◆ **Your task**: The expected output is an exact copy of each line from the line with "Coloring page bright motorcyclist" through the end of the data below, with no pictures in it.

◆ **Given data**:

####

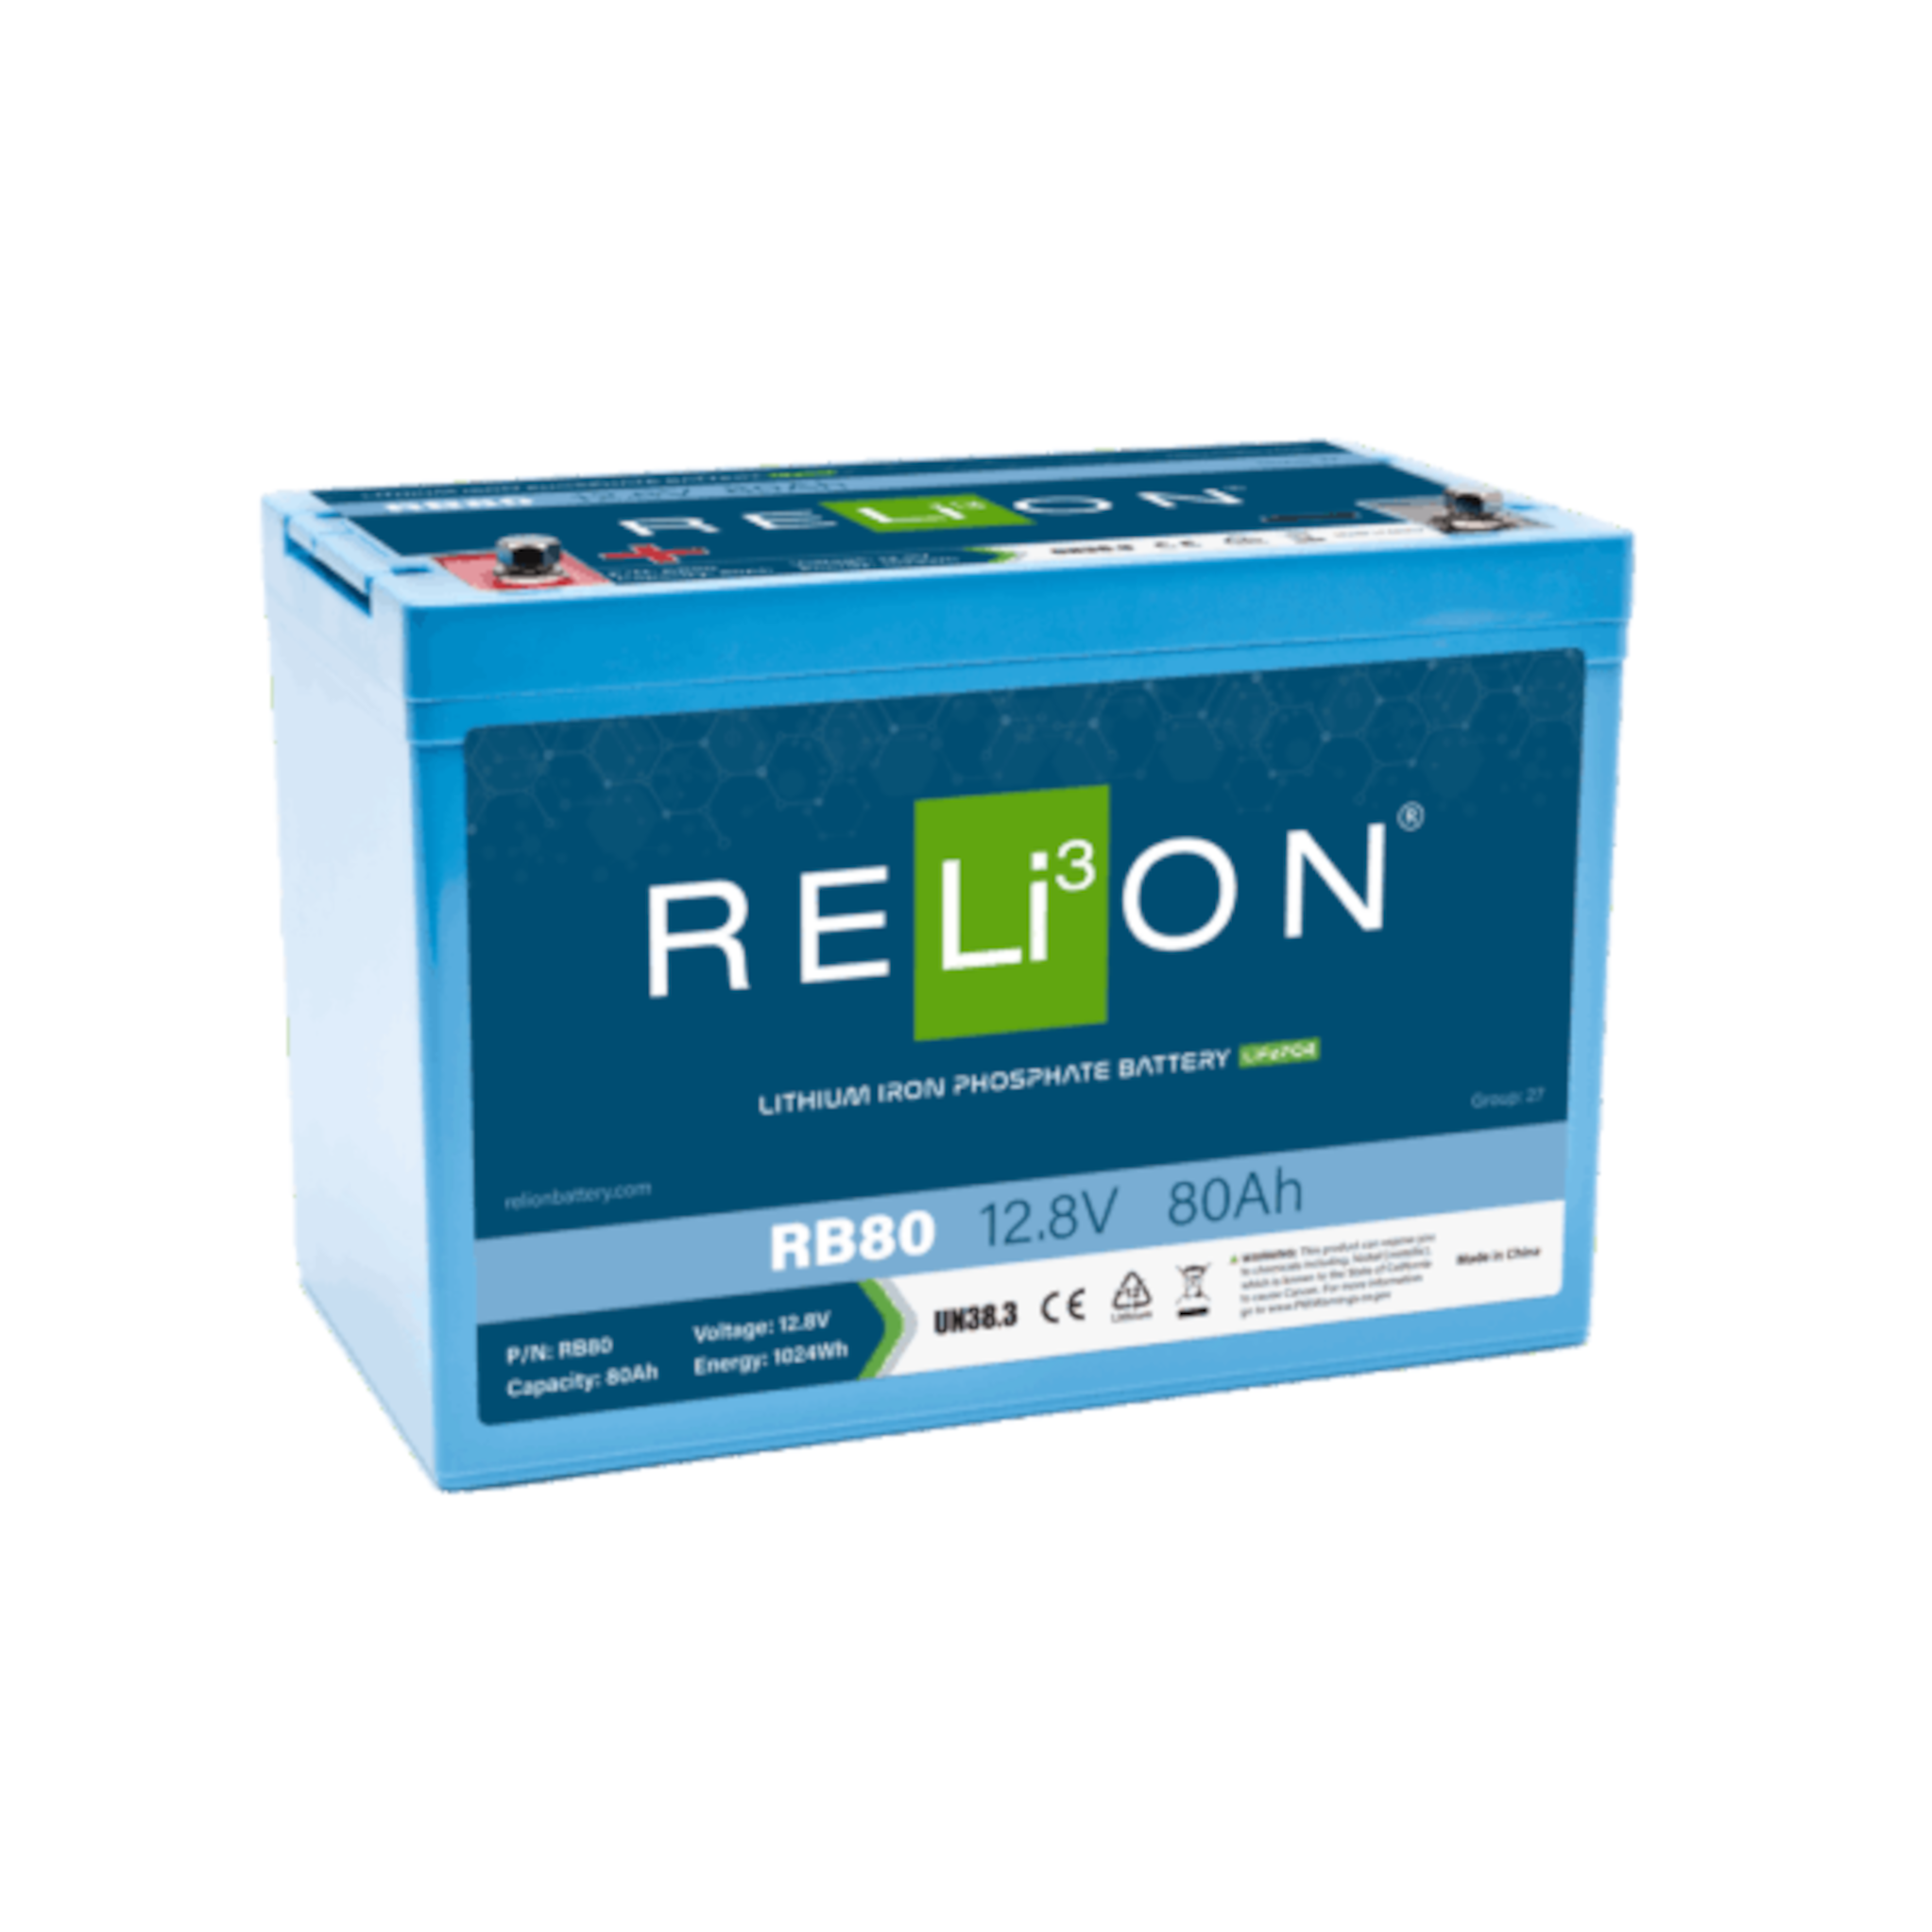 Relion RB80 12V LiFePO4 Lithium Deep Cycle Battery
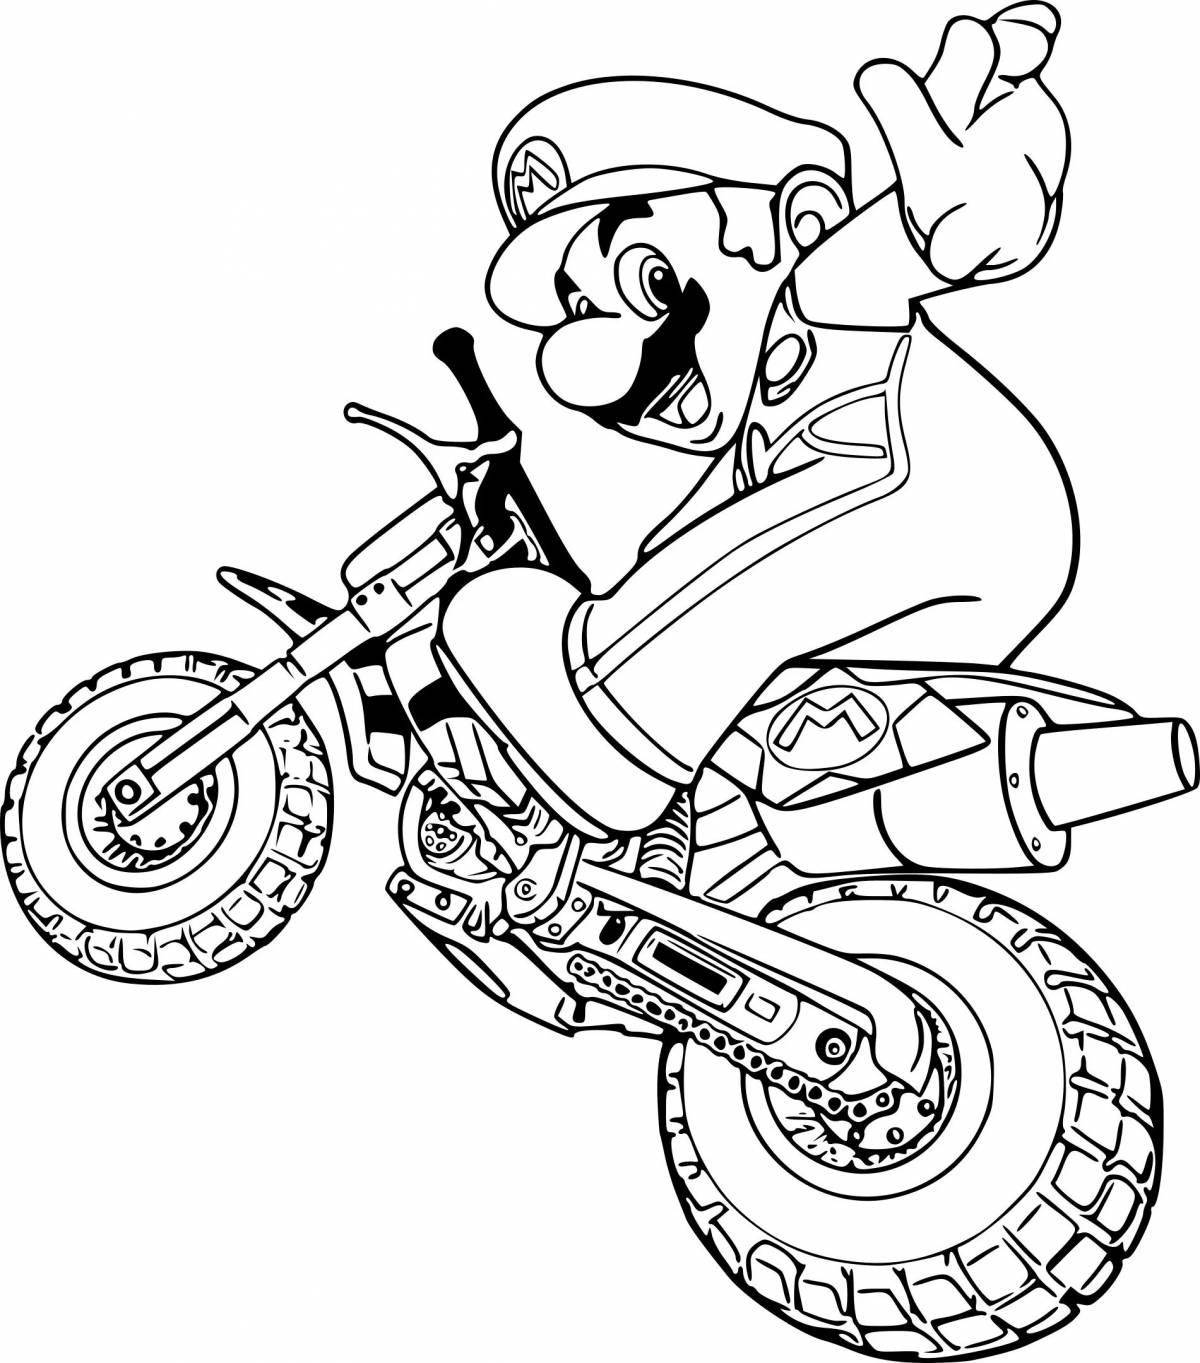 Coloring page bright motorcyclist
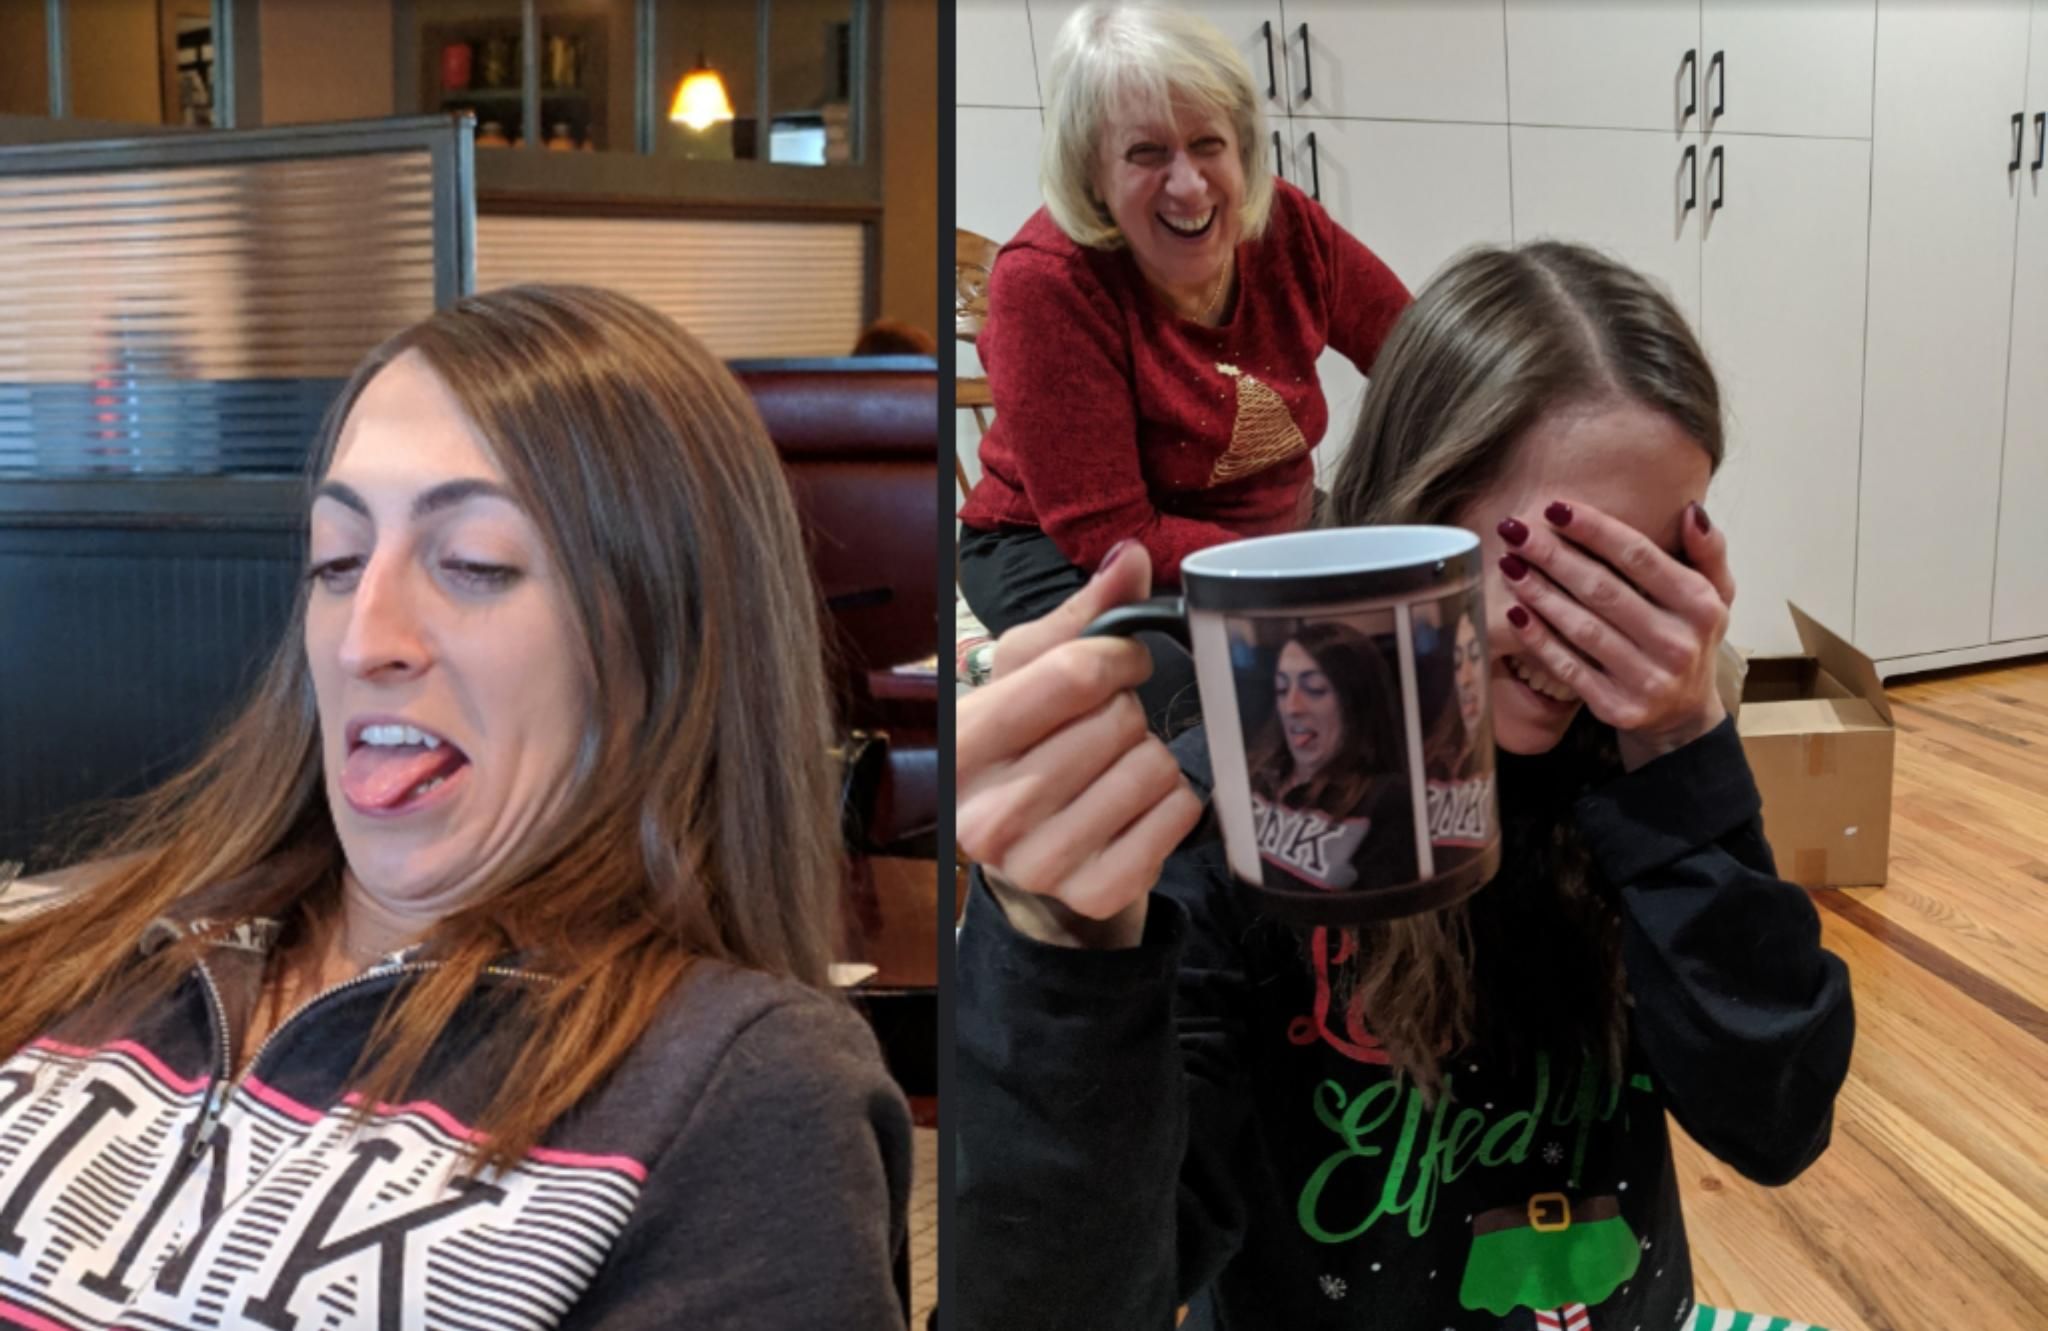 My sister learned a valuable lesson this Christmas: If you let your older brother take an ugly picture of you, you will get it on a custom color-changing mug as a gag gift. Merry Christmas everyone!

####

◆ **Answer section**:
 Coloring page bright motorcyclist
 My sister learned a valuable lesson this Christmas: If you let your older brother take an ugly picture of you, you will get it on a custom color-changing mug as a gag gift. Merry Christmas everyone!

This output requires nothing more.